17 January 2006Ed Stoddard and David Mageria
East Africa is gripped in drought while the south is blessed with rain.
But as aid agencies scramble to feed millions across the world's poorest continent it is by no means clear what the 2006 harvests will bring, even in areas that have been wet.
Good rains have been reported so far this season over much of Zambia, Malawi and Zimbabwe.
But with around 12 million people in the region in need of food aid until the April harvest, aid workers warily recall that drought only started searing the region at this time last year.
"It's too early to tell if there will be any impact from these rains on the 2006 crop in southern Africa," said Mike Huggins, a spokesman for the World Food Programme.
"Last year in countries like Malawi the drought struck in the later half of January and February so everything that had grown up to that point shrivelled," he said.
Other sources report that pests such as army worms are devouring crops in Zimbabwe and Malawi, though the problem does not appear widespread at this stage.
"Of an estimated 1 million hectares of maize planted in Malawi it looks like army worms have affected about 20,000 hectares," said one aid worker.
Regional breadbasket South Africa has seen good rain over much of its maize belt this month though for some farmers they may be too late after a relatively dry start to the seasson.
WFP has indicated that it plans to source about $80 million in food supplies, mostly maize, from South Africa this year.
Farmers are expected to have planted 1.61 million hectares of maize when the Crop Estimates Committee releases its preliminary estimate on Thursday, according to a Reuters consensus forecast of eight banks and trading houses.
This is far less than the 2.93 million hectares sown last year but more than enough for local needs if last year's carryover of an estimated 2.6 million tonnes of white maize is factored in.
...WHILE EAST BAKES
Southern Africa can be grateful for its rainfall as crops and grazing lands elsewhere wilt under a harsh sun.
The east African countries of Kenya, Somalia, Ethiopia, Eritrea, Tanzania and Burundi face a worsening drought in what aid agencies say could be "a humanitarian catastrophe". The WFP says 5.4 million people need food aid there.

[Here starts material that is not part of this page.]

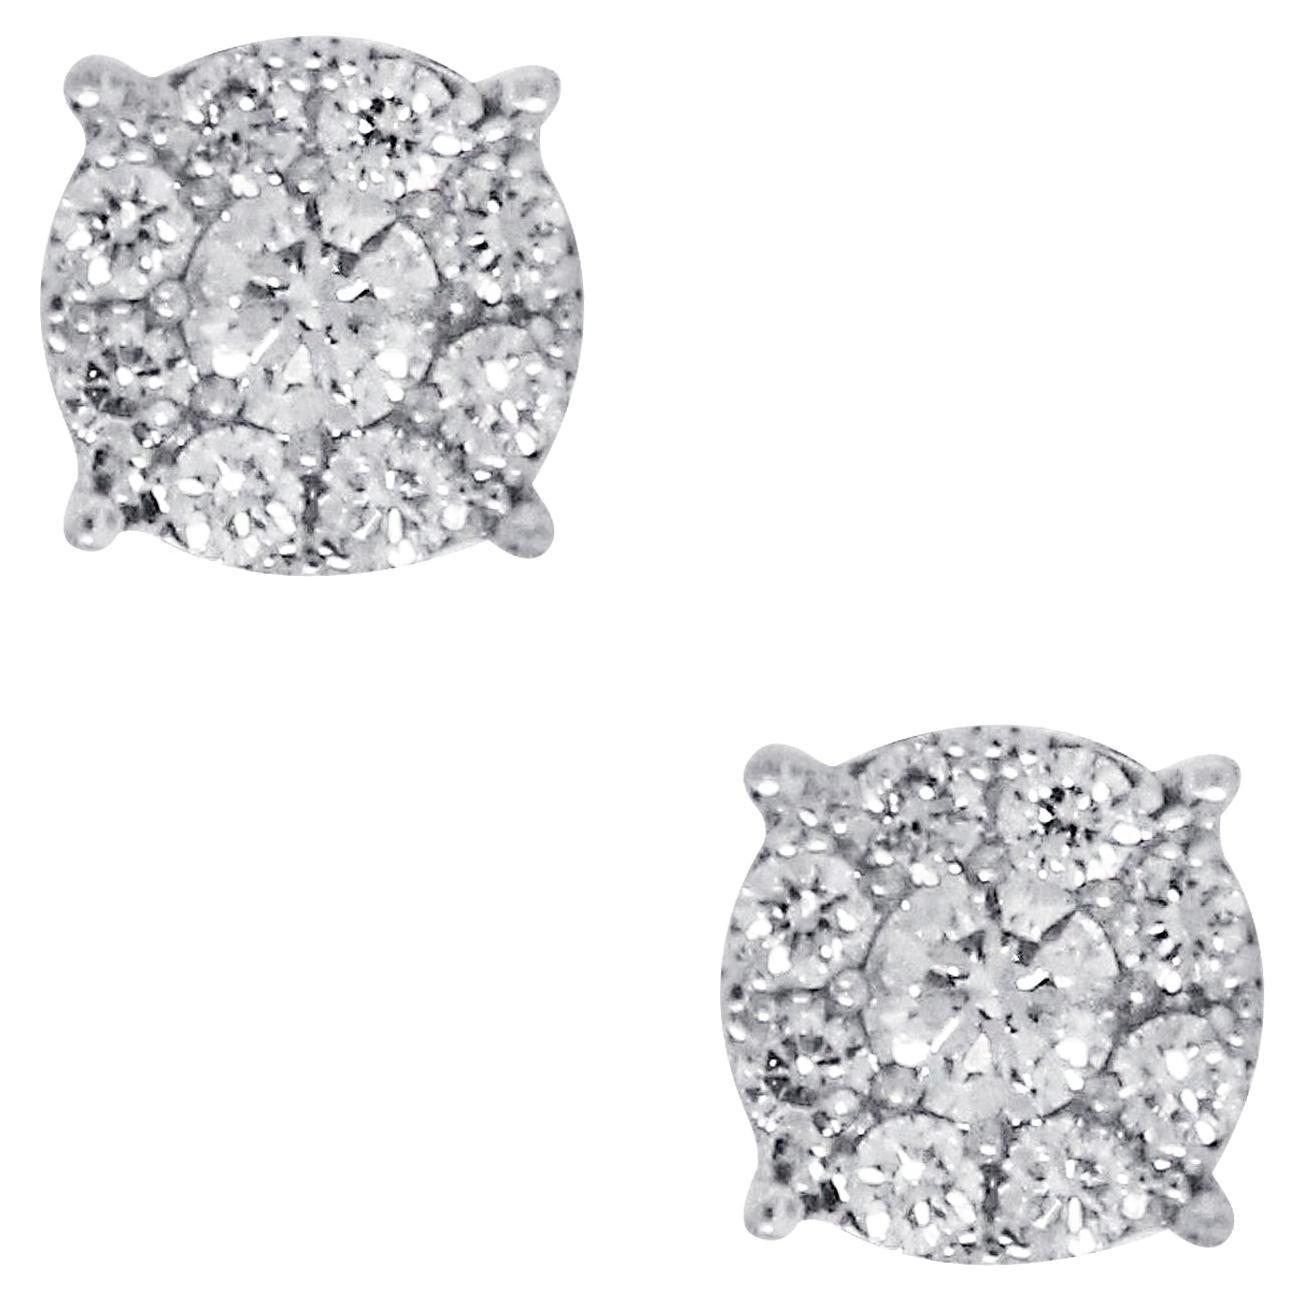 0.52 Carat Diamond Cluster Earrings

Analysts said the drought had not badly affected cash crops in the region but warned that if rains continue to fail, production for coffee and tea could be hurt.
Worryingly, droughts could become more common because of climate change linked to global warming.
"Temperatures globally are rising and drought cycles are more frequent," Prof Levi Akundabweni, dean of the faculty of agriculture at the University of Nairobi, told Reuters.
"The environment is challenging us to devise coping mechanisms, to learn more so as to be able to understand the enormity of the problem."
The impact has been worst in Kenya, east Africa's biggest economy, where dozens of people and livestock have died while malnutrition has worsened among pastoral communities.
"The emergency we face in the Horn of Africa today is the result of successive seasons of failed rains," said Holdbrook Arthur, WFP Regional Director for Eastern and Central Africa.
"Consequently, pastoralists living in these arid, remote lands have very few survival strategies left and desperately require our assistance until the next rains," he said.
Anarchic Somalia is headed for the worst cereal harvest in a decade, according to the WFP.
Ethiopia, which pulled the world's heart strings during an appalling famine two decades ago, has 1.75 million people in need of emergency food aid, adding to 5.5 million already getting food shipments.
And in West Africa, WFP said on Monday it needed $240 million to feed at least 10 million people this year.
Several countries in West Africa suffered shortages last year after crops were ravaged by drought and locusts. In Niger, the worst affected, aid groups scrambled to tackle a food crisis affecting more than 3 million people.
But Mother Nature is not the only source of Africa's woes.
A raging AIDS pandemic, soil erosion from poor farming practices and conflict have all conspired to create hunger on a continent which is covered in many areas with a rich soil.
Africa has also missed out on much of the "Green Revolution", a global effort to boost staple crop yields which has focused on wheat, rice and maize. Only the latter is widely grown in Africa but it is not very resistant to drought.
And American economist Jeffrey Sachs pointed out that while Africa has its fertile regions, much of the continent has erratic rainfall and few large rivers for irrigation.